Note 1: If you open your feedly digest and hover your mouse over the title of an article, you should be able to see the stamp assigned to that article.

Note 2: This function is executed in real-time every time feedly needs to determine the content of the digest. A pre-filtering happens automatically based on how recent articles are, if they are provided in favorite sources or not, how many recommendations they have, etc.. Depending on the number of sources you are subscribing to, how popular they are, how many unread articles you have and the number of people you are following, the size of the list of entries to filter can vary between 200 to 2500.

This idea was inspired by a comment make by Sean McBride on Friendfeed last week: “I wish that every company in this game would make their algorithms transparent so that we could understand what’s underneath the hood in producing certain results” and the progress we made last week by working with Phil on this thread on Get Satisfaction. Special thanks to both Phil and Sean.

Thank you again to the feedly community for your support over the last 6 months. We look forward to your suggestions. Please let us know if you have any questions.

Author: @feedly

Read more. Know more.

8 thoughts on “Opening up the Feedly Digest Filtering Logic”

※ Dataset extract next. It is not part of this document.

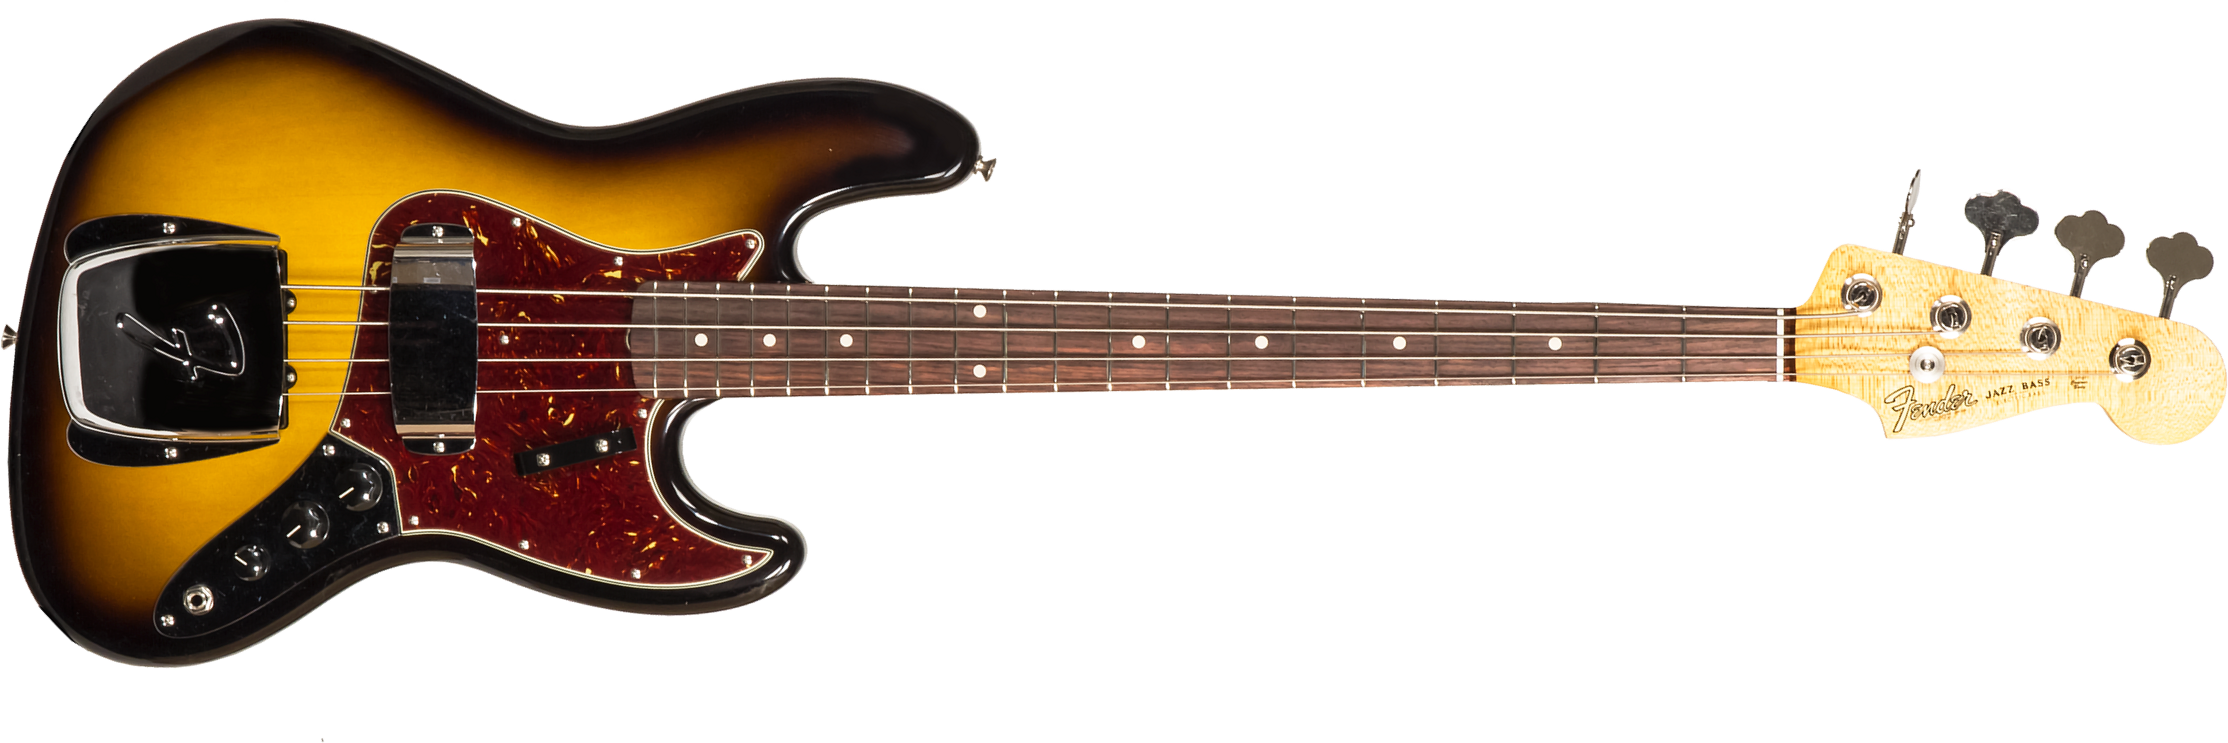 Fender Custom Shop Jazz Bass 1964 Rw #r126513 - Closet Classic 2-color Sunburst - Basse Électrique Solid Body - Main picture

  1. I’m looking over the logic and I have a question. Does feedly track or have any access to user and feed statistics that might assist in selecting articles? I’m thinking of something like %read, #read, # of articles per day by feed for a couple of relevant time horizons. This information is on google reader, can feedly access it?

    In the current logic the user’s interests aren’t playing the role they might in influencing top articles.

    I’ll have some suggestions within the current constraints after I think about it a little more, but if this information is available it opens up a lot of possibilities.

  2. Hello Phil. Although we are not using it in the lates versions of the filtering logic, the subscription object has a field which captures how many articles of that subscription you have read and shared in the last 30 days. Note: the read number is not as reliable as the shared number because there are many ways to mark as read and some are less explicit as others.

  3. Edwin,

    I could make suggestions around the edges, but I couldn’t really figure a minor modification that achieved what I wanted. What do you think about something like the following? (though appropriate scaling would be needed):
    Popularity =
    (Fav. Factor)*(#Read/(Unread count+1))*(freshness – rank + social)

    Then select highest popularity articles. Max one article per feed until a minimum popularity cutoff is reached.

    Phil

  4. The algorithm being used seems to work ok, but it just doesn’t really do much better for me than to identify a set of relatively more interesting feeds with a recent post and give something from a few of them. It’s improved, but ideally would be smarter.

    There are a couple of minor issues with the algorithm being used.

    1) There are a couple of places where context[].silver is used instead of context[].silvers.

    2) The last context.[].silver should should probably be bronzes and why is the popularity put to zero. That’s worse than suspected duplicates.

    3) I notice that when feedly runs out of platinum I am more likely to get multiple articles from the same feed (silvers). I’m not really clear on the diversity factor but it looks like it works better in platinum than in silver. Do I read it correctly that there is less diversity required in lower rank buckets than in higher ones? I would think that there should be similar diversity until you get to bronze.

  5. Phil,

    Thanks for both comments.

    Will need to carv out some time to think more about the formula you suggest in your first comment.

    Regarding the second comment, fixed 1) and 2). Regarding 3) will try to increase the diversity factor for silvers and bronze to 3 and 6:

    var silver_diversity = Math.pow( 3, context[ feedId ].silvers );
    var bronze_diversity = Math.pow( 6, context[ feedId ].bronzes );

    The goal of the formula is to promote more diversity in the lower buckets (bronze and silver) than in the platinum one. The logic is that if quality is not there, let’s make sure that diversity is. All these changes will be included in the 1.2.200 patch we will be pushing out later this evening.

  6. Regarding the numbered suggestions above, I actually had a duplicate show up in a category top section today. So I suspect the part of (2) that noted that a bronzes’ zero would rank lower than a duplicate (at 0.00001) wasn’t entirely fixed.

Comments are closed.